Я ожидал, что он, как всегда, скажет что-нибудь особенное, и все же был поражен, когда услышал:
– Завидую тебе.
– Вот как! – вырвалось у меня.
– Да! Нормальные люди так банальны, ограничены… И я среди них.
– Ну, уж о тебе этого не скажешь!
– Так и я думал когда-то. А потом понял, что льщу себе… Однажды душной летней ночью я вышел из дома вдохнуть свежий воздух и вдруг увидел необычное мерцание неба. Оно словно говорило мне что-то, и тогда я ощутил, что все вокруг – и луна, и звезды, и падающие осколки метеоритов – скрывают какую-то важную тайну, может быть, смысл нашего бытия. Я весь напрягся, как струна прежде, чем музыкант наполнит ее звуком, сейчас, сейчас, горело в мозгу, я узнаю самое главное, и в то же время чувствовал: чего-то не хватает мне, чтобы понять все до конца! И тут это острое мгновение прошло, пропало. А я, повзрослев, в какую-то горькую минуту понял, чего мне не хватало тогда – капли безумия, да! – той, что помогла знаменитому Джону Нэшу проникнуть сквозь границу нашего трезвого мира в другой, твой мир, Марк!

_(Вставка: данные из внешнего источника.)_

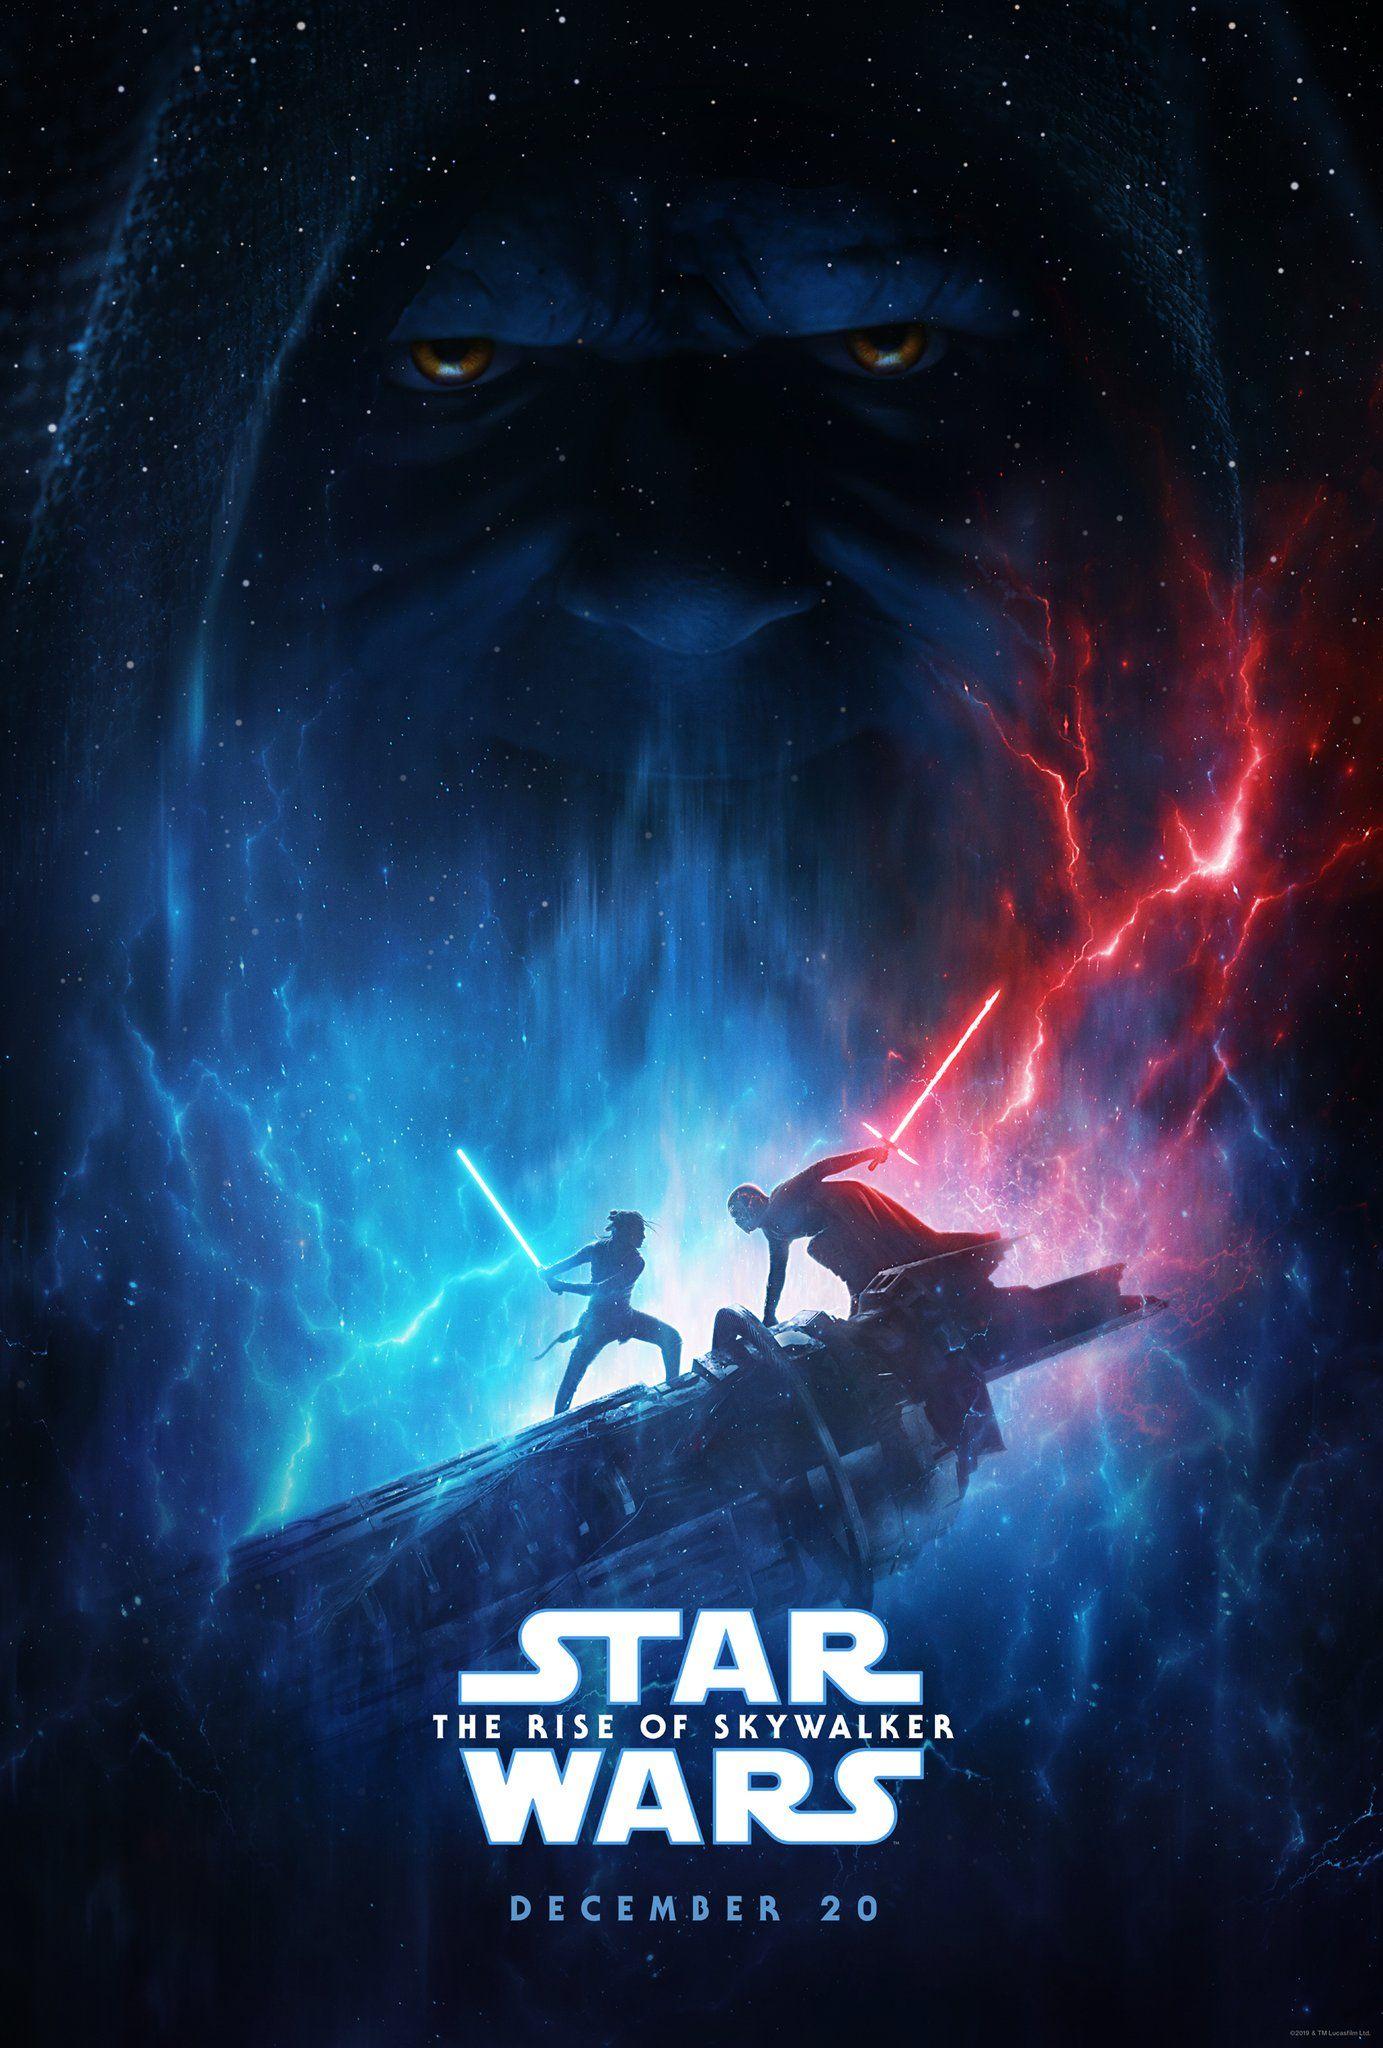 Star Wars 9 The Rise Of Skywalker Poster Star Wars Poster Star Wars Episodes Star Wars Watch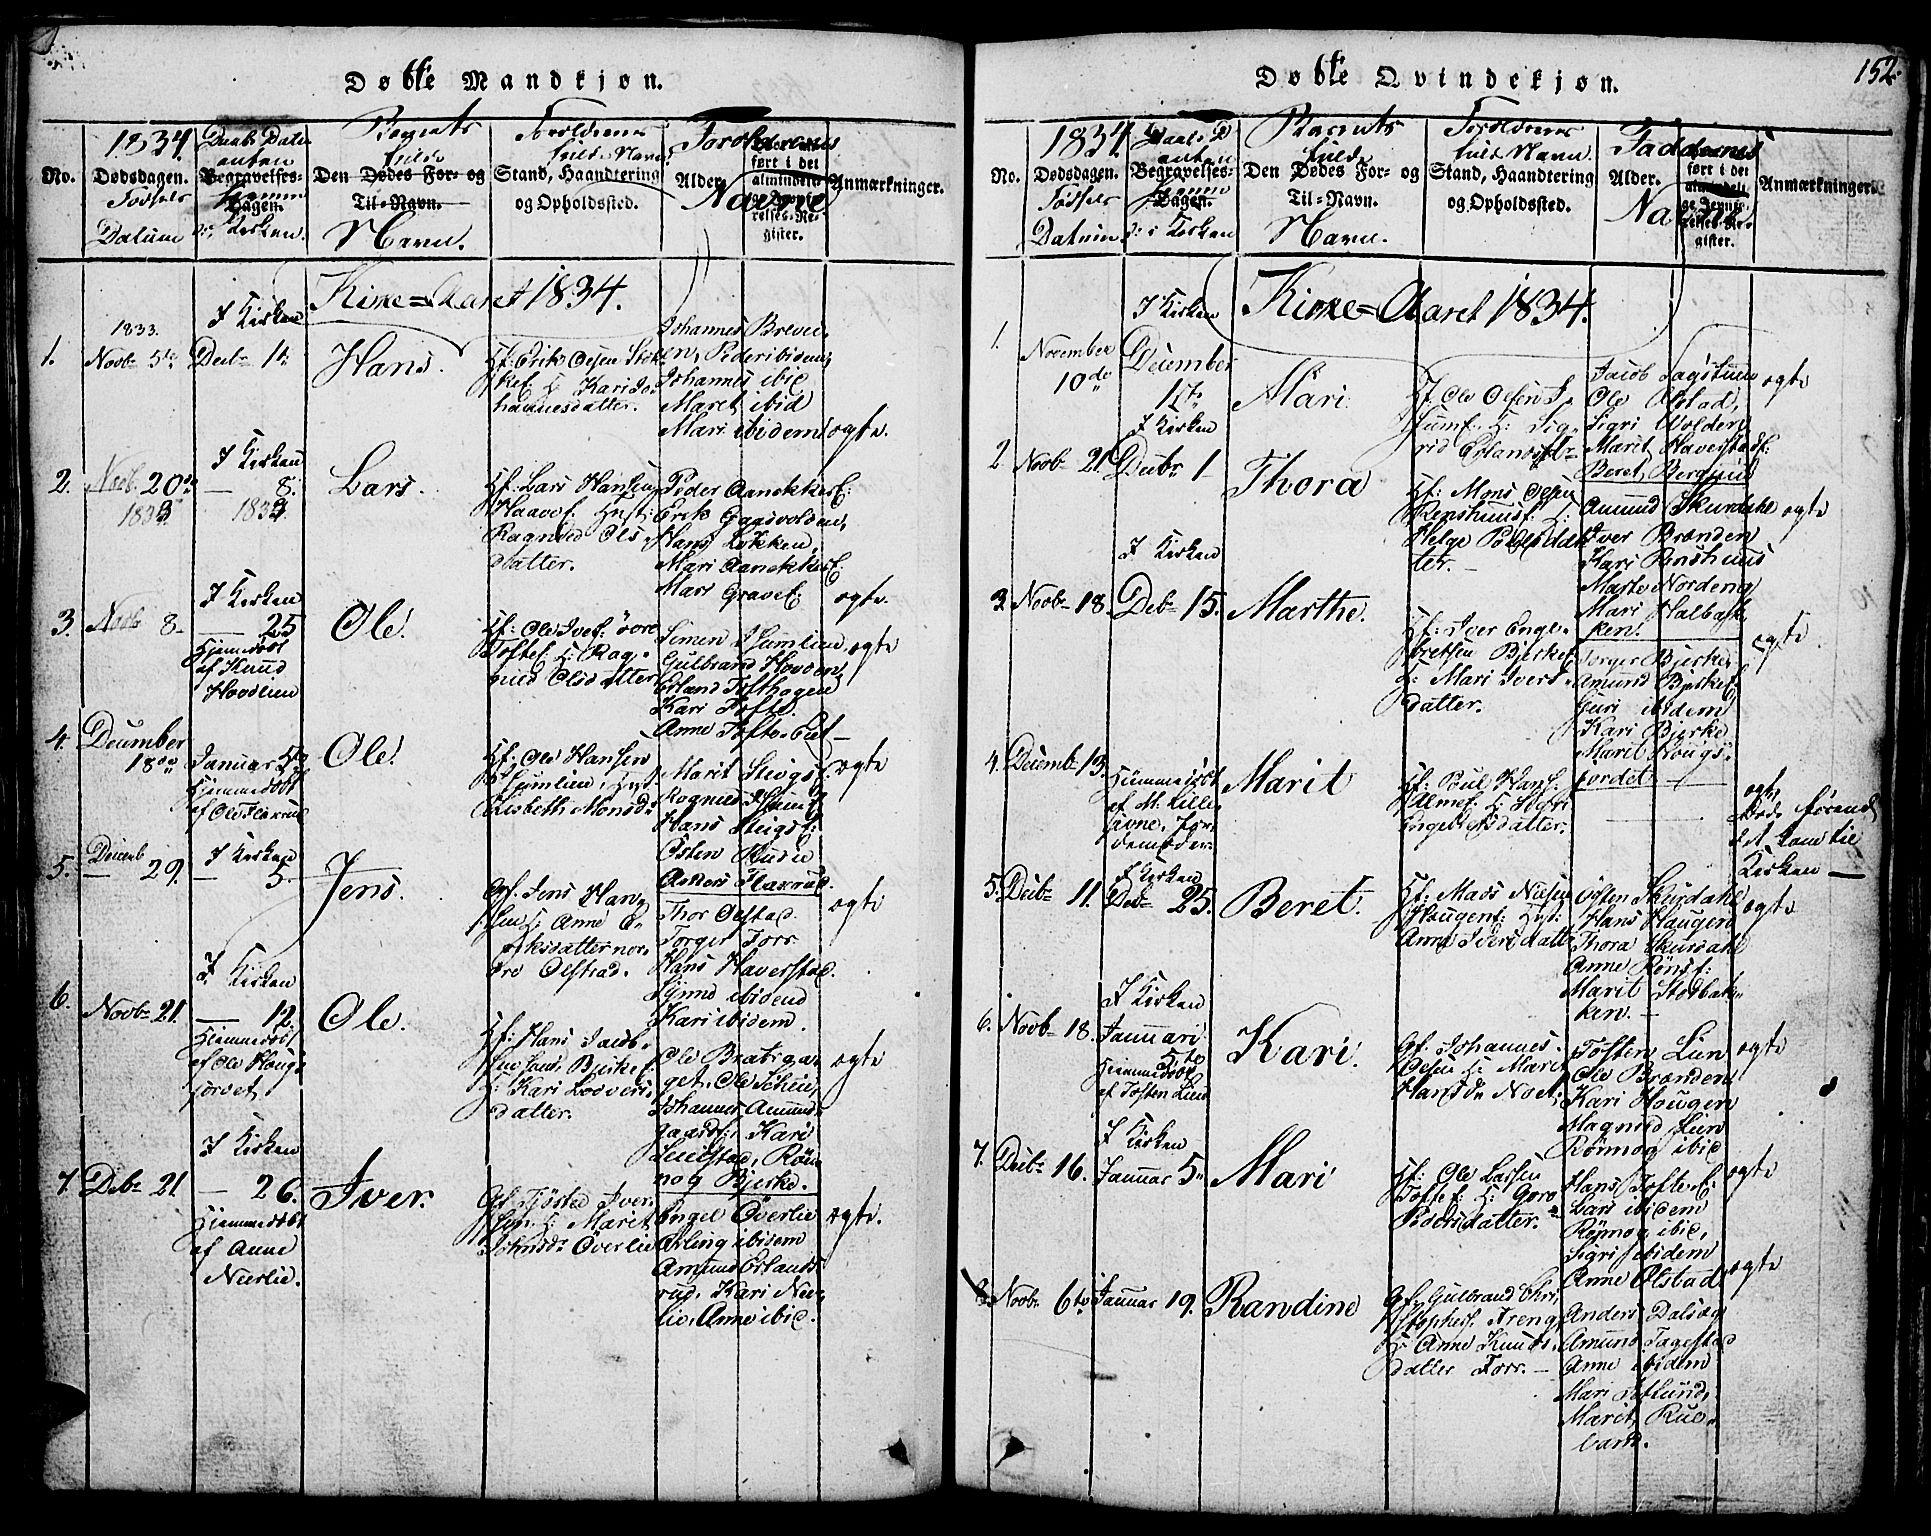 SAH, Fron prestekontor, H/Ha/Hab/L0001: Klokkerbok nr. 1, 1816-1843, s. 152

В телефоне установилась тишина.
Я ясно представил себе Сашину физиономию. Высоколобый, с запавшими всепонимающими глазами и длинным язвительным носом, он казался похожим на Вольтера – в семитском варианте. Не только внешне. Идеи, которые бились в его бездонном черепе, могли прояснить многое из еще непознанного, живи он в прекрасном Ферне, а не в Офаким, где кончается цивилизация и начинается пустыня.